Esta  preceptiva  indica  que los bienes que  deben  incluirse  en  el  trámite  de  Justicia  y  Paz son los susceptibles de  extinción  de dominio, cuya declaratoria debe hacerse en la sentencia, tal como  lo  prevé  el artículo 24 de la Ley 975 de 2005, modificado por la Ley 1592 de  2012.  Por  tanto,  están  destinados  a  la  extinción  de dominio dentro del  trámite de Justicia y Paz:   

i)  Los  bienes  entregados,  ofrecidos  o  denunciados  por los postulados para contribuir a la reparación integral de las  víctimas y,   

ii) Los bienes identificados por la Fiscalía  General  de  la  Nación  en  el  curso  de  las  investigaciones  que tengan la  vocación  de  contribuir  a la reparación de las víctimas y puedan ser objeto  de extinción de dominio en la sentencia de justicia transicional.   

Sobre  dichos  bienes  proceden  las medidas  cautelares  de embargo, secuestro y suspensión del poder dispositivo de dominio  previstas  en el artículo 17B, adicionado por la Ley 1592 de 2012, y las demás  cautelas  establecidas  en  el ordenamiento jurídico nacional que garanticen el  cumplimiento de la sentencia y la reparación de las víctimas.   

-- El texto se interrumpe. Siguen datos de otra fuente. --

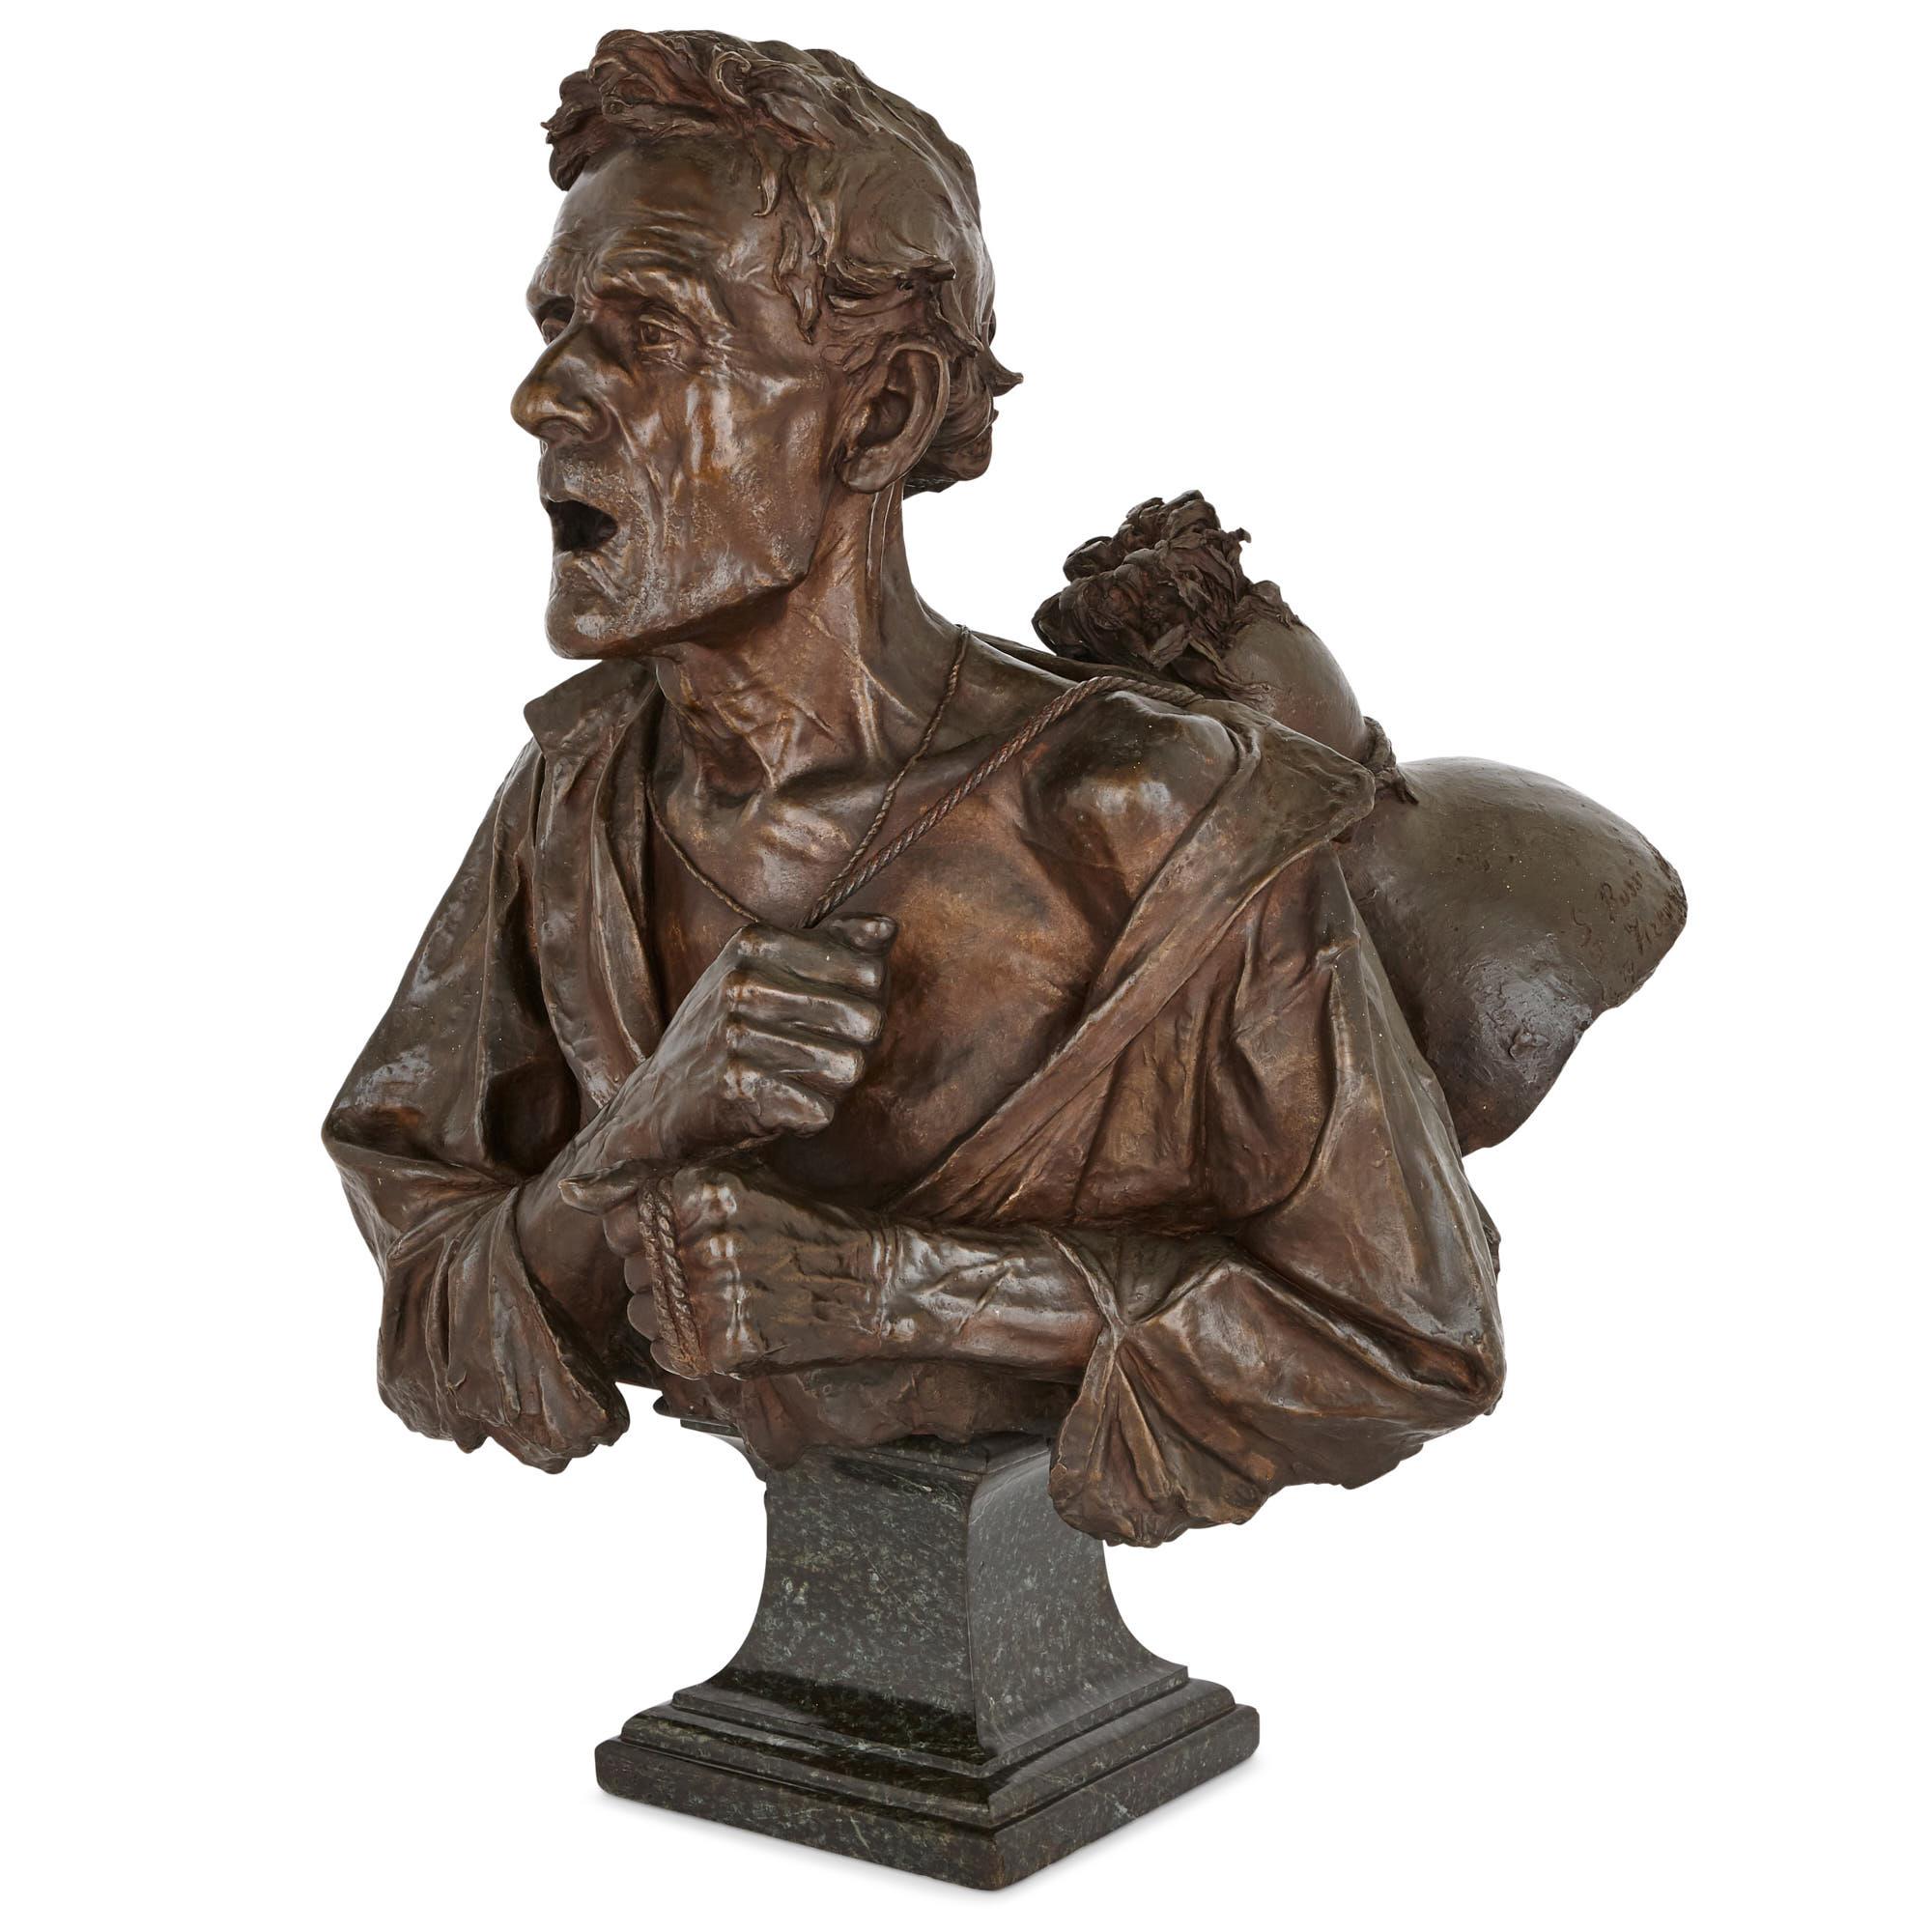 This strikingly naturalistic bronze sculpture was created in Florence in 1895. The bust depicts an elderly man, most likely a farm worker, carrying a heavy sack of grain over his shoulder. He wears an old slightly ragged shirt which is open at his

A  su  turno,  los  parágrafos  2  y  3 del  artículo 17B del citado estatuto señalan:   

“Parágrafo 2°. Cuando la medida cautelar  se  decrete  sobre  bienes  respecto  de  los  cuales con posterioridad se eleve  solicitud  de  restitución,  tales bienes y la solicitud de restitución serán  transferidos  al  Fondo  de  la  Unidad  Administrativa  Especial de Gestión de  Restitución  de  Tierras  Despojadas,  para efectos de su trámite a través de  los  procedimientos  establecidos  en  la  Ley  1448  de  2011 y su normatividad  complementaria,  sin  que se requiera el levantamiento de la medida cautelar por  parte de la magistratura.   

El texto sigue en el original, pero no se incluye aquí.